British journalism’s wonder boy, Johann Hari, figured in Update 111 (“Scandal of Dirty Hari’s Copy ‘n Paste Interviews”) when it was revealed that he was an habitual plagiarist. His behaviour since then, has become something of a lesson in, err, not repentance, but self-righteous blame-dodging. gtg
Before Pope Benedict came to the UK in 2010, he was one of the Pope’s most raucous accusers along with the Andrew Dawkins gang. A self-avowed atheist and progressive, he was lionised by the London media after he wrote in 2000 about his experiences of the drug ecstasy while at Cambridge University. It now appears that he has never touched the drug but appropriated a friend’s account. At the tender age of 22, he soon had a job with London’s Independent daily, and made a name for himself as a leading investigative journalist.
The Independent newspaper was founded in 1986 by Andreas Whittam Smith to be a paper of moral rectitude. He is numbered among Britain’s “great and good”, and as first editor proclaimed on the front page that the Independent was not connected with any political party and reported the news “without bias”. Some claim! In fact, the paper has a definite liberal-left set, and—no surprise!—supports the Lib Dems.
Hari’s reaction to the first allegations in July 2011 was a denial of any fault, moral or journalistic. Since then, as revelations tumbled out in a steady flow, his admissions took the form of a series of grudging apologies followed by self-justification and blame.
He became renowned for his interviews with celebrities. But, undetected until last June, much of the material attributed to the interviewee was lifted from previous interviews or books, and presented as original. This was, Hari innocently claimed, just making clearer what the interviewee either should have said, or had once said. Until found out, this made Hari seem like a top-ranking journalist, and a major attraction for the readers of the Independent.
In 2008 he won the Orwell Prize, a plaque and £2000. In September, Hari announced that he was returning the plaque (but not the money), even though he stood by the prize-winning article on an atrocity in the Central African Republic. The Orwell Prize committee had already decided to cancel the award in the light of revelations of Hari’s sub-standard reporting.
Exercise of Malice and Dishonesty
Another of Hari’s “stupidities” was the use of a “sock-puppet”, a fictional writer named David Rose who posed as Hari’s defender. Using Wikipedia, a popular Internet site, he wrote abusive and malicious pieces about his critics, while praising his own work to the skies. Wikipedia allows people to insert written material anonymously, and Hari used this to wage a nasty campaign against his critics and ideological enemies. This activity had been routine for years, and one target of his venom was Christina Odone, whom he accused of homophobia, anti-semitism and having been sacked by the Catholic Herald, all of which were untrue but damaging smears.

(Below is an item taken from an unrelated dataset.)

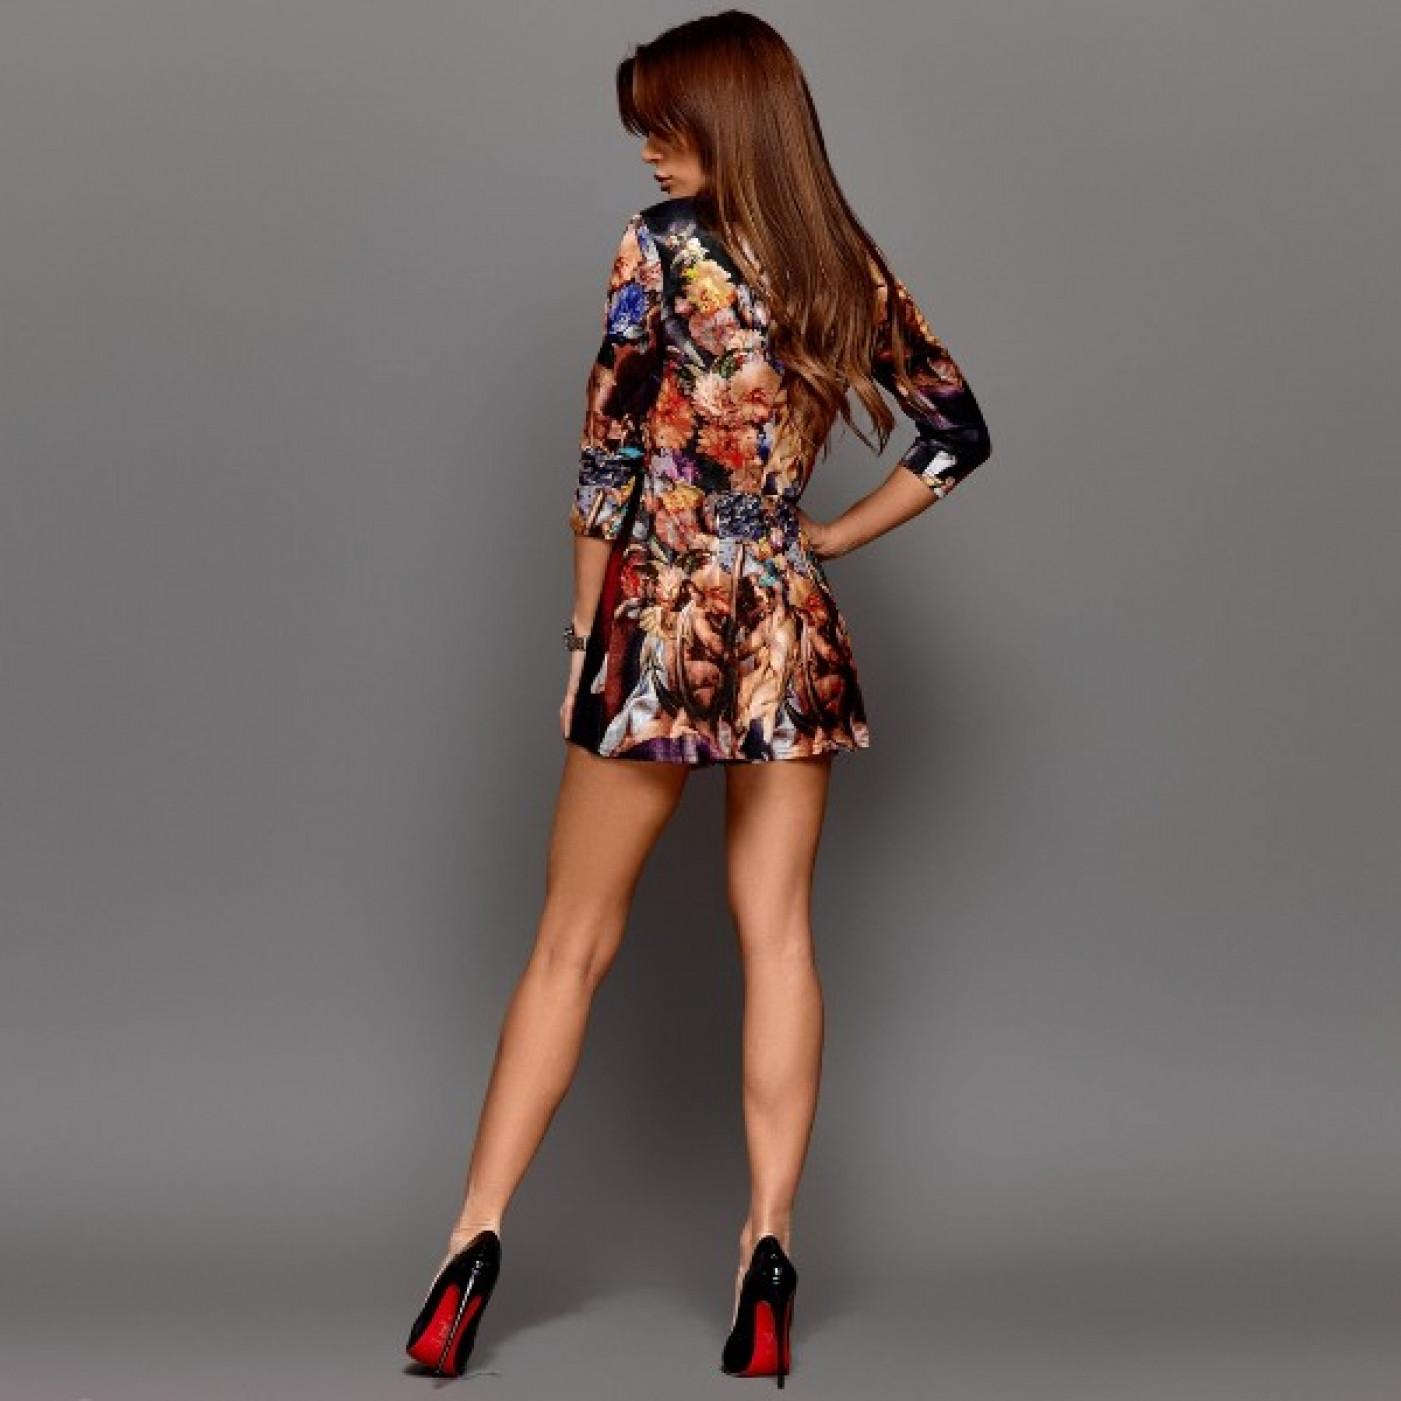 Ультрамодний сукню-комбінезон 10993
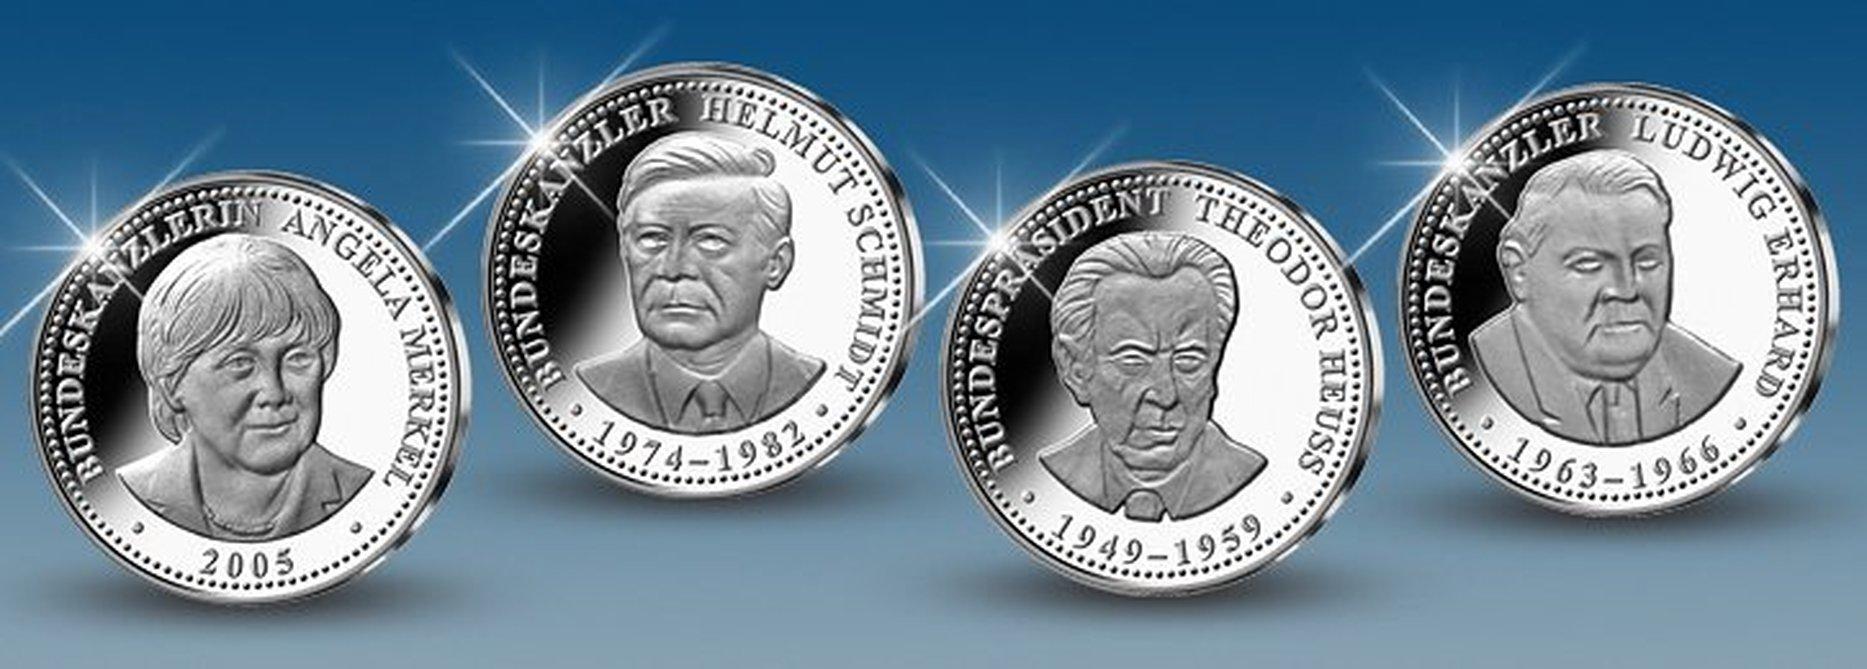 Kanzler und Präsidenten in Silber - Kollektion

On September 15, Hari published a kind of apology in the Independent, acknowledging “two wrong and stupid things” but went on to blame “the powerful people I had taken on over the years”. This failed to satisfy his peers in the media. For instance, the secular and leftwing David Allen Green in the New Statesman wrote: “the terms of the apology do not really approximate to what was actually done. Something very wrong happened, over a significant amount of time, involving a systemic exercise of malice and dishonesty”. As for bosses of the Independent, after castigating other papers for secrecy and evasion, especially over the hacking scandal, the decision to “re-cycle” Hari instead of sacking him and to keep Whittam Smith’s internal investigation under wraps suggest a less than exacting search for truth and more of a whitewash.
The contrast with America is striking. Back in 2003, when Jayson Blair got fired from the New York Times for fabricating stories of foreign events in his apartment, and pretending to have had face to face encounters with real people, the NYT’s editor wrote a long piece lamenting “a profound betrayal of trust…. and deception”. In Hari’s case, he wasn’t sacked and the newspaper’s chiefs just tut-tutted in a short note in September last year, and put him on gardener’s leave.
Hari has promised to take unpaid absence from his job until 2012, and to follow a course in journalism. This proposal has caused cynical hilarity. Without doubt, Hari is an accomplished journalist; what he lacks is moral integrity. He needs to follow a course of ethics, or, better still, go to confession.